__WORK ITEM__: Could you set down the listing below exactly and omit its images?

__PROVIDED MATERIAL__:

┄┄┄┄┄┄┄┄┄┄

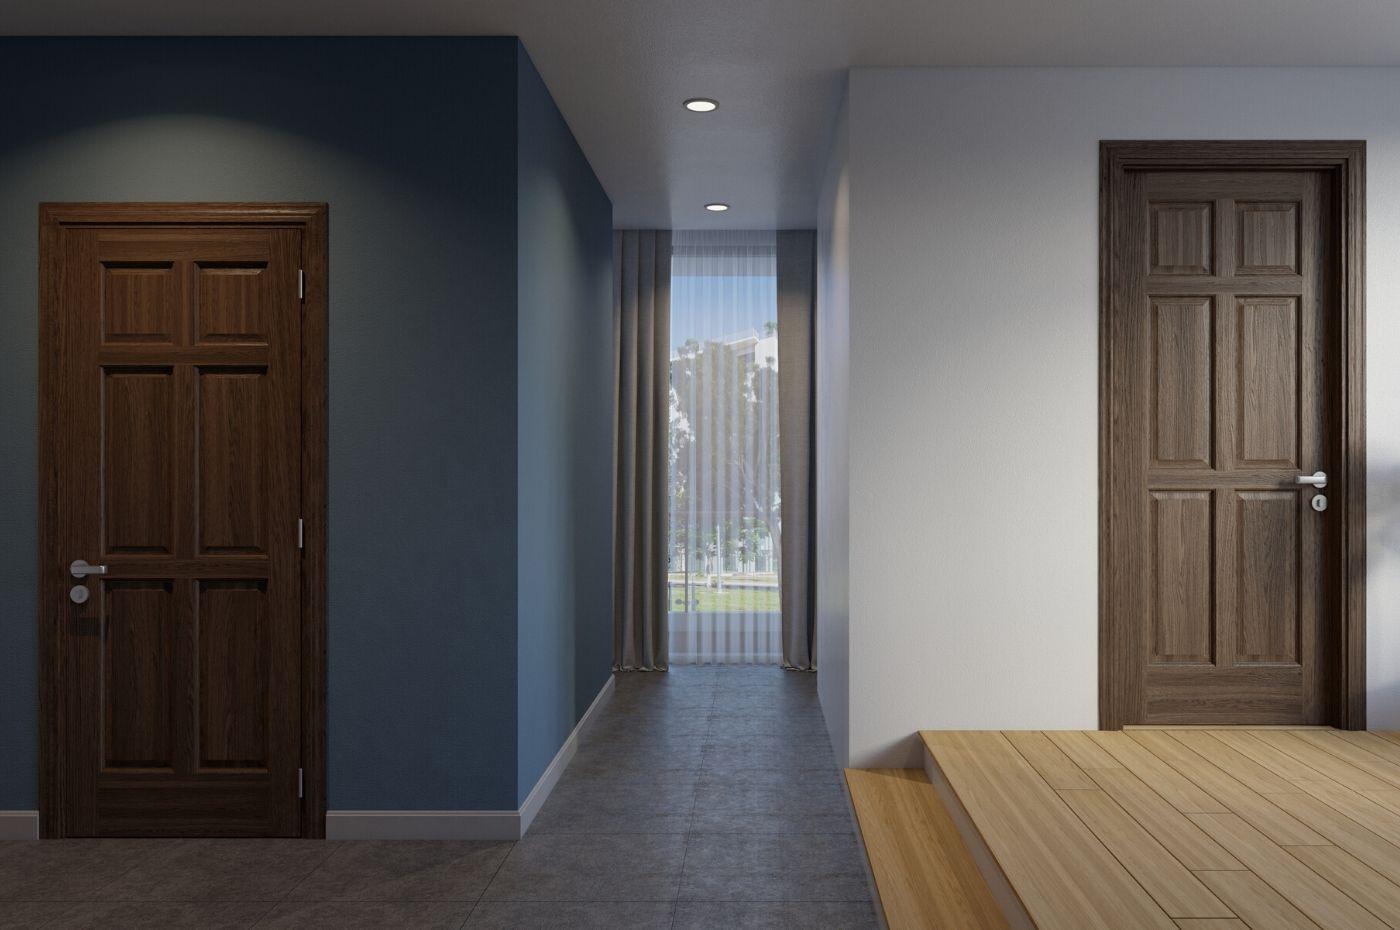 Lưu ý gì khi lựa chọn cửa gỗ phòng thờ, nhà thờ?
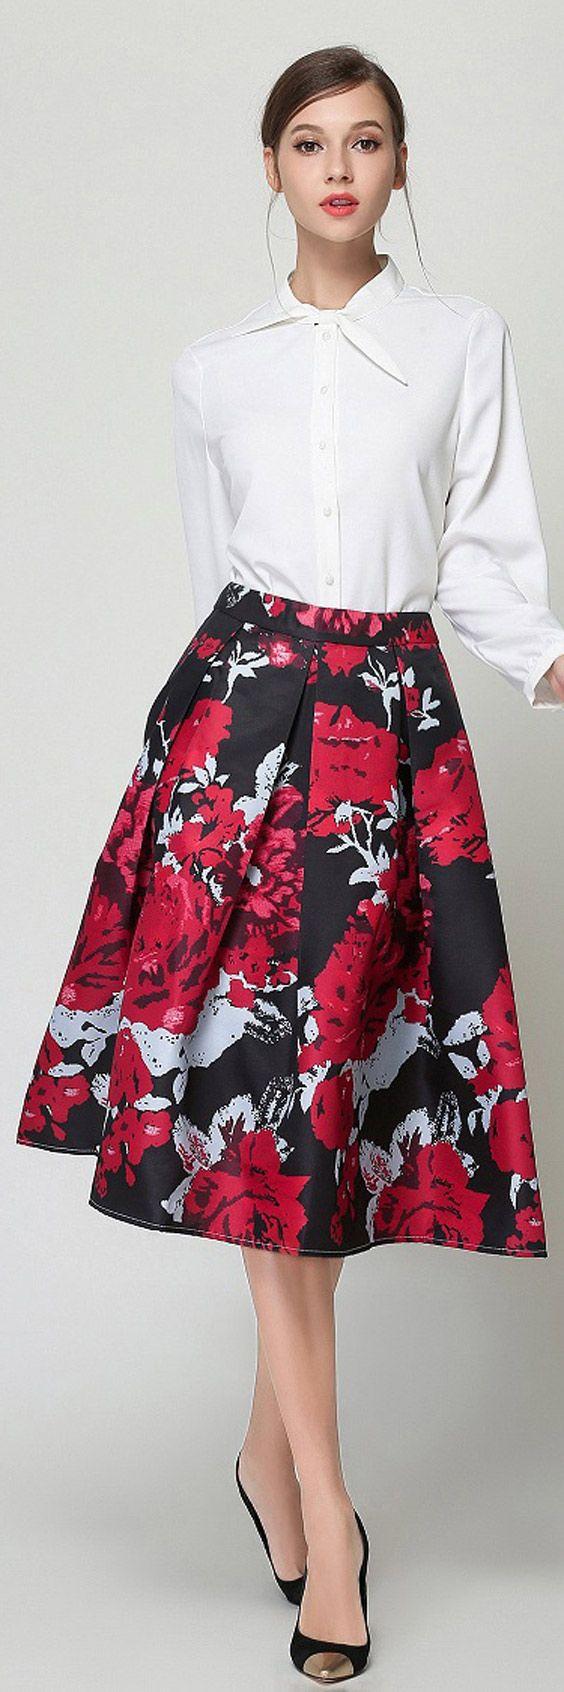 Saia Midi Godê Rodada Evase Estampada Floral Cintura Alta com Pregas Preta Vermelha para Festa Casamento | UFashionShop
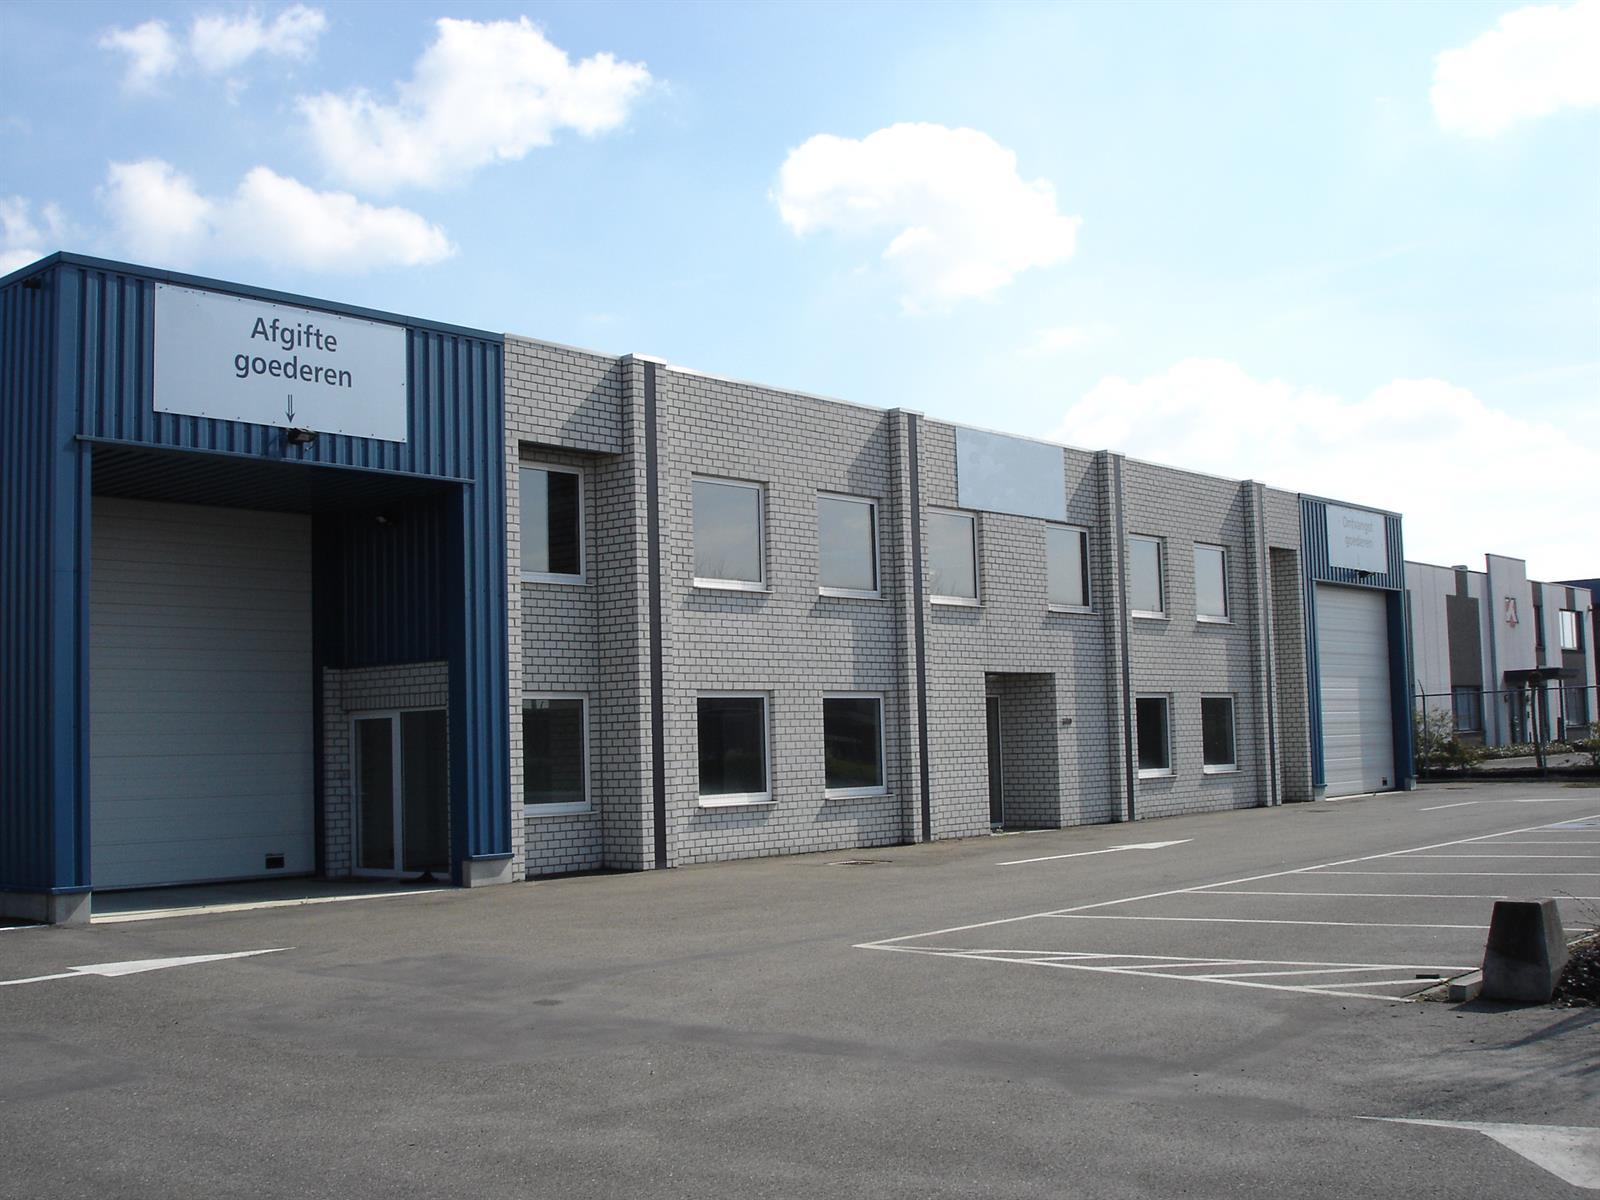 kantoren & magazijn te huur I145 - Magazijn met kantoor - Centrum-Zuid 3009, 3530 Houthalen-Helchteren, België 1

┄┄┄┄┄┄┄┄┄┄

__WRITTEN RESPONSE__:
 Lưu ý gì khi lựa chọn cửa gỗ phòng thờ, nhà thờ?
 Saia Midi Godê Rodada Evase Estampada Floral Cintura Alta com Pregas Preta Vermelha para Festa Casamento | UFashionShop
 kantoren & magazijn te huur I145 - Magazijn met kantoor - Centrum-Zuid 3009, 3530 Houthalen-Helchteren, België 1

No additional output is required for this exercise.